SZ: How strong will CO-Emissions reduced when fewer business trips take place?

Michael Müller-Görnert: We anticipate that the number of business trips in Germany will permanently decrease by around a third compared to 2019 and the total distance traveled by a quarter. That means annual savings of a total of three million tons of greenhouse gas emissions. In purely arithmetical terms, the number of kilometers not driven makes 700,000 cars superfluous. The positive effect on climate protection is very clearly visible in this area, which is different from the home office, by the way.

But the home office also reduces mobility a lot, doesn’t it?

Not necessarily. Although people drive to the office less often, they do make extra trips, for example to go shopping, which they used to combine with the trip to work. They also need to heat more at home. And the home office also increases the motivation to move further away from the workplace. In this case, commuting is less frequent, but over longer distances.

High server performance is also required for video conferences, which is why they have already been referred to as “climate killers”. Are virtual meetings really that much more environmentally friendly than real travel?

Yes, in any case. I’ll give you an example: If two people fly from Stuttgart to Berlin for a meeting, they cause 470 kilograms of CO₂ emissions. If you drive by car, it is 380 kilograms, on a train journey only 65. But if the two businessmen forego the trip altogether and instead hold a four-hour video conference with their Berlin partners, a single kilogram of CO₂ is emitted!

In November 2020 and June 2021, together with the Borderstep Institute, the VCD surveyed 500 business travelers on the subject of video conferences. The majority of respondents were very or somewhat dissatisfied with it. Does that mean that they want to travel as much in the future as they did in the past?

I do not believe that. The group of satisfied video conferencing users has more than doubled in the period between the two surveys, from 14 to 32 percent. Most people were unfamiliar with the technology in 2020, and there were many teething problems. Apparently, the longer video conferences are used, the greater the habituation effect. The time savings in particular are perceived by 80 percent of all respondents as a major advantage.

And what do you think is the biggest disadvantage of video conferencing?

The majority fear that contact with colleagues and customers will worsen, or even the loss of personal relationships. In particular, business people who work in sales, customer care, and consulting consider physical meetings to be essential.
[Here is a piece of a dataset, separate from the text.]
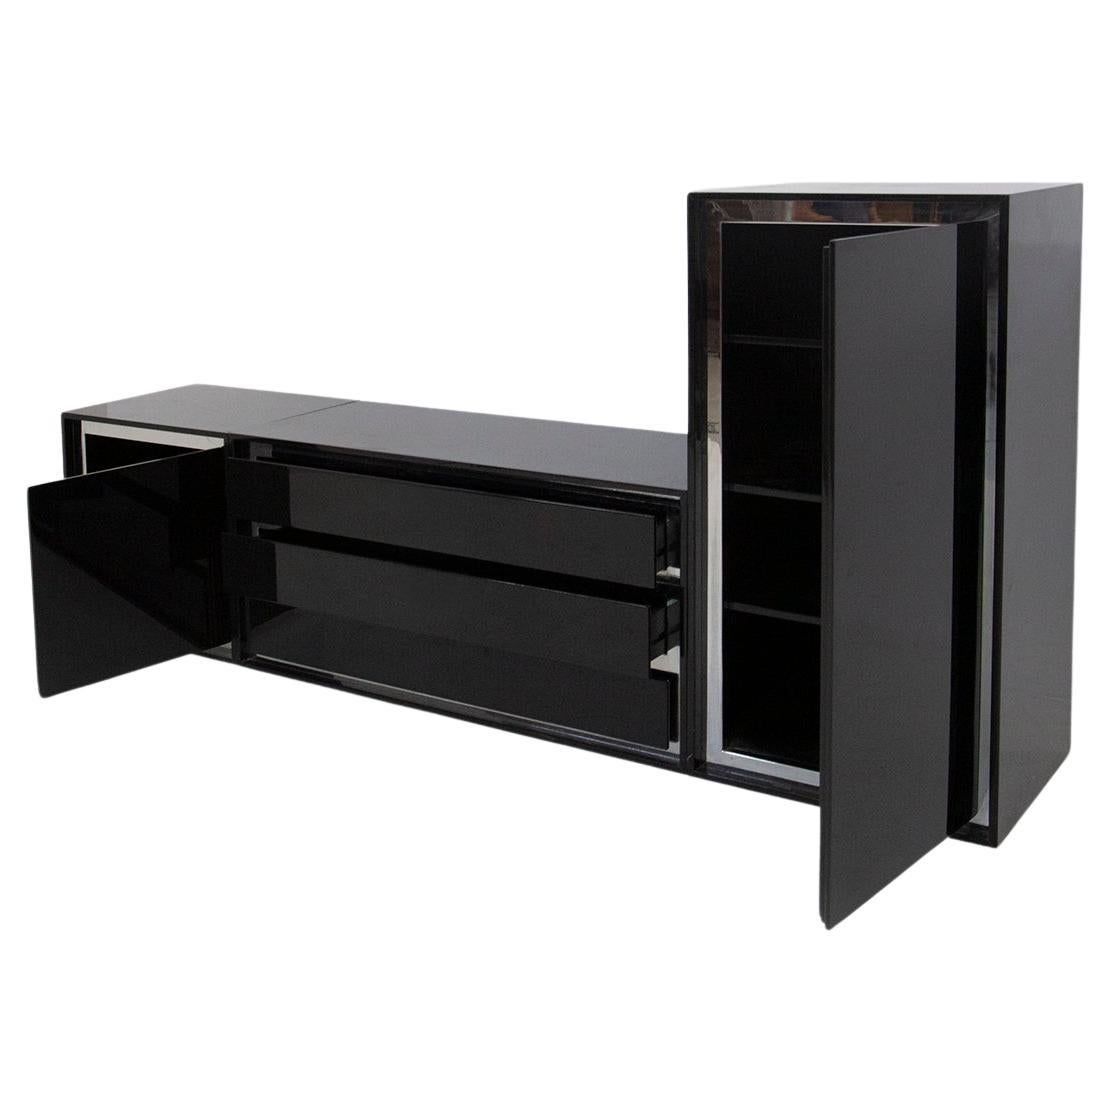 Black living furniture set attr. to Acerbis in steel profiles

But nobody is asking for business travel to be abolished entirely. It is important to permanently replace unnecessary trips with climate-friendly alternatives.
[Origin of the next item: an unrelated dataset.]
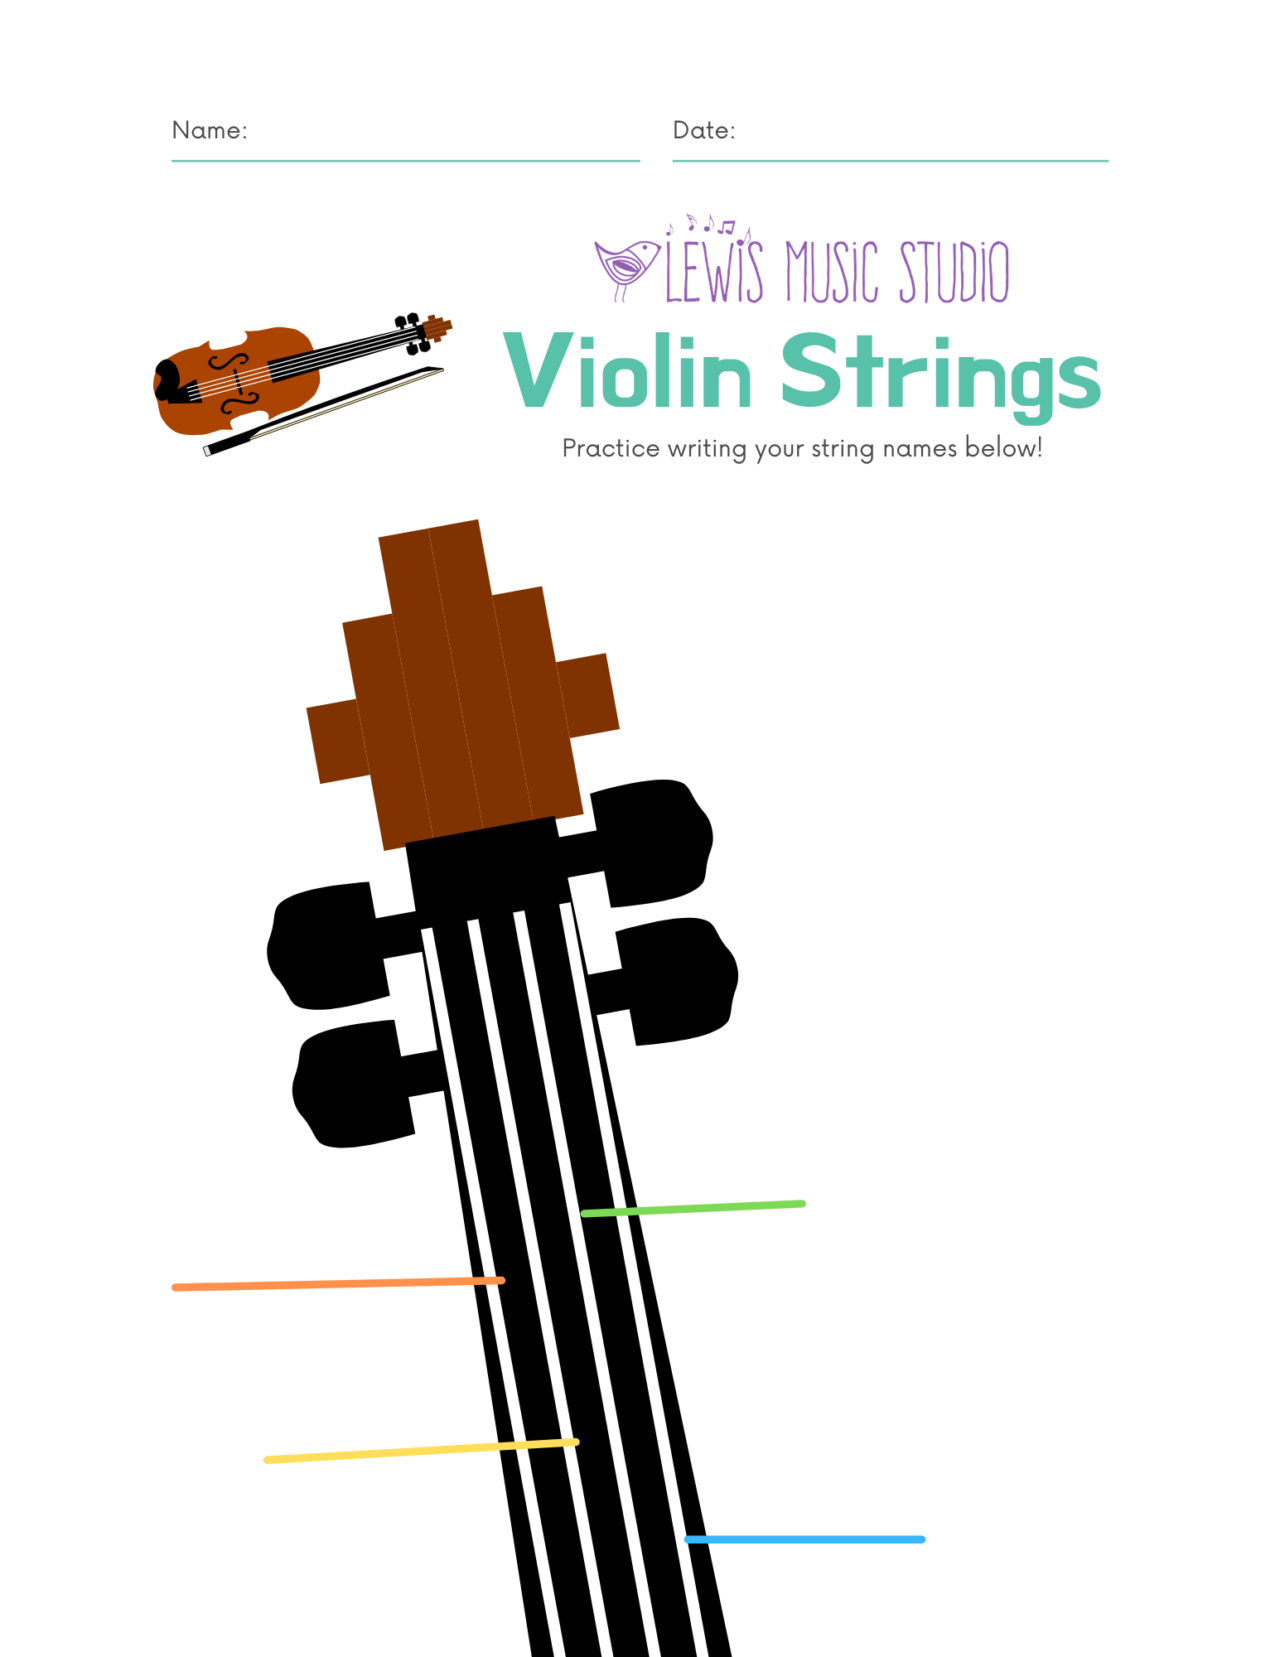 http://lewismusicstudio.net/wp-content/uploads/2021/03/Violin-Strings-1280x1657.png

Will that happen by itself? Or do you need political guidelines?

Above all, politics must set a good example. The federal, state and local governments should introduce more consistent ecological travel guidelines for their employees. Every trip should be questioned critically as to whether it can be replaced by video conferencing. Only when this question has been answered in the affirmative is it a matter of choosing the means of transport. The federal administration already has the requirement to give preference to the train for business trips. In order for companies to handle this in the same way, rail travel must above all become more reliable and comfortable. The expansion of the railway that has now been decided is overdue.